When you want to change the user mapping, first create a new index just for users, and choose the right number of primary shards for just user docs:

curl -XPUT localhost:9200/my_index_users_v1 -d '
{
    "settings": {
        "index": {
            "number_of_shards": 1
        }
    },
    "mappings": {
        "user": { ... new user mapping ... }
    }
}
'

Reindex just the user docs from the old index into the new:

curl 'localhost:9200/my_index_user/user?scroll=1m&search_type=scan' -d '
{
    "size": 1000
}
'

And update the alias:

curl -XPOST localhost:9200/_aliases -d '
{
    "actions": [
        { "remove": {
            "alias": "my_index_user",
            "index": "my_index_v2"
        }},
        { "add": {
            "alias": "my_index_user",
            "index": "my_index_user_v1"
        }}
    ]
}
'

You can use a delete-by-query request to remove the user docs from the old index:

curl -XDELETE localhost:9200/my_index_v1/user

From now on, any time you want to change the mapping for user docs, you can use the standard reindexing approach that I described above.

Using aliases without reindexing

If you want your changes to apply only to new documents, you can still use the aliases approach, without having to reindex.
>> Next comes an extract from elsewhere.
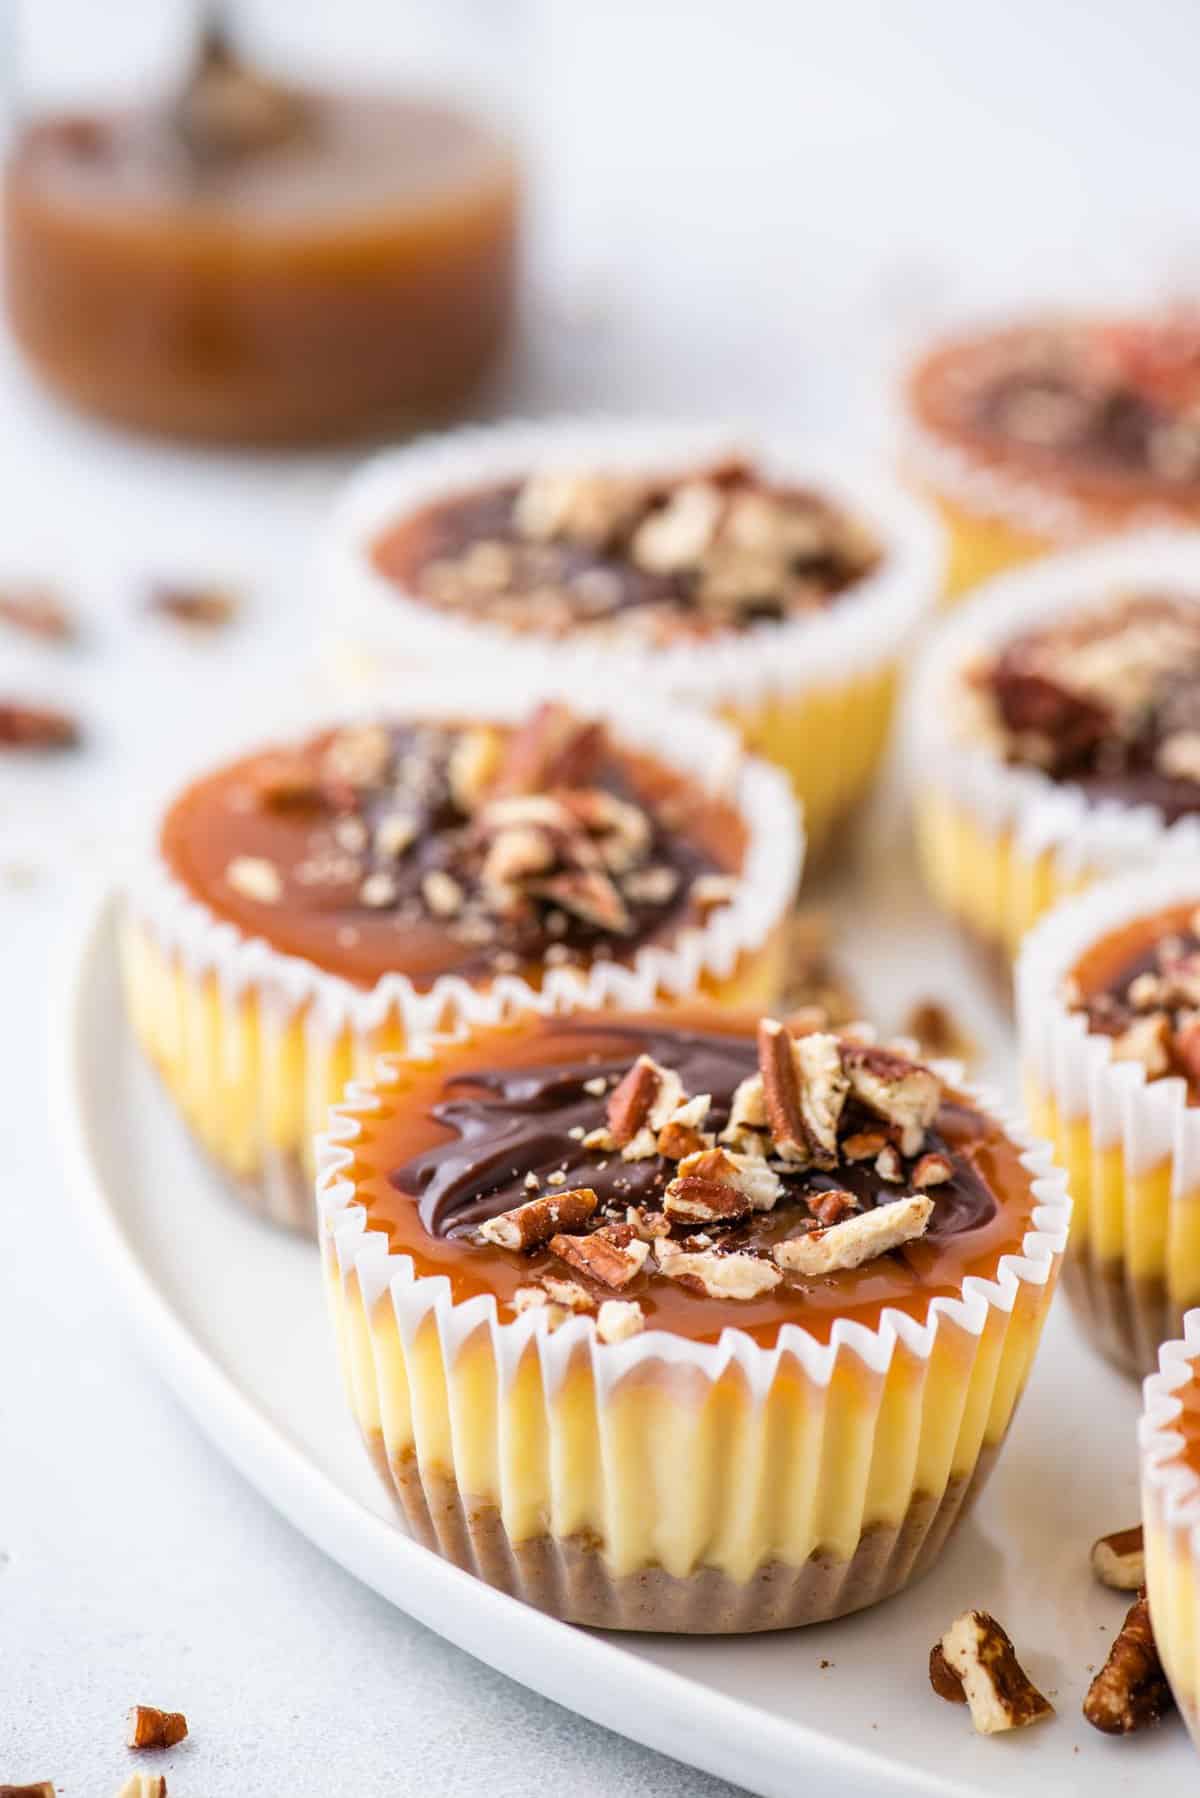 mini cheesecakes topped with caramel, chocolate and chopped pecans arranged on white tray

You would still create a new my_index_user_v1 index, but now you would create two aliases: my_index_user for indexing and my_index_users (plural) for searching:

curl -XPOST localhost:9200/_aliases -d '
{
    "actions": [
        { "add": {
            "alias": "my_index_user",
            "index": "my_index_user_v1"
        }},
        { "add": {
            "alias": "my_index_users",
            "index": "my_index_user_v1"
        }},
        { "add": {
            "alias": "my_index_users",
            "index": "my_index_v1"
        }},
    ]
}
'

The my_index_user alias points just to the new index, and all new user documents would be indexed using this alias. The my_index_users alias points to both the new index AND the old index. So you can search across both indices at the same time. The old index will use the old mapping, and the new index will use the new mapping.

As you can see, Elasticsearch provides a wealth of options for managing your indices and, with a little forethought, changes can be managed with zero downtime.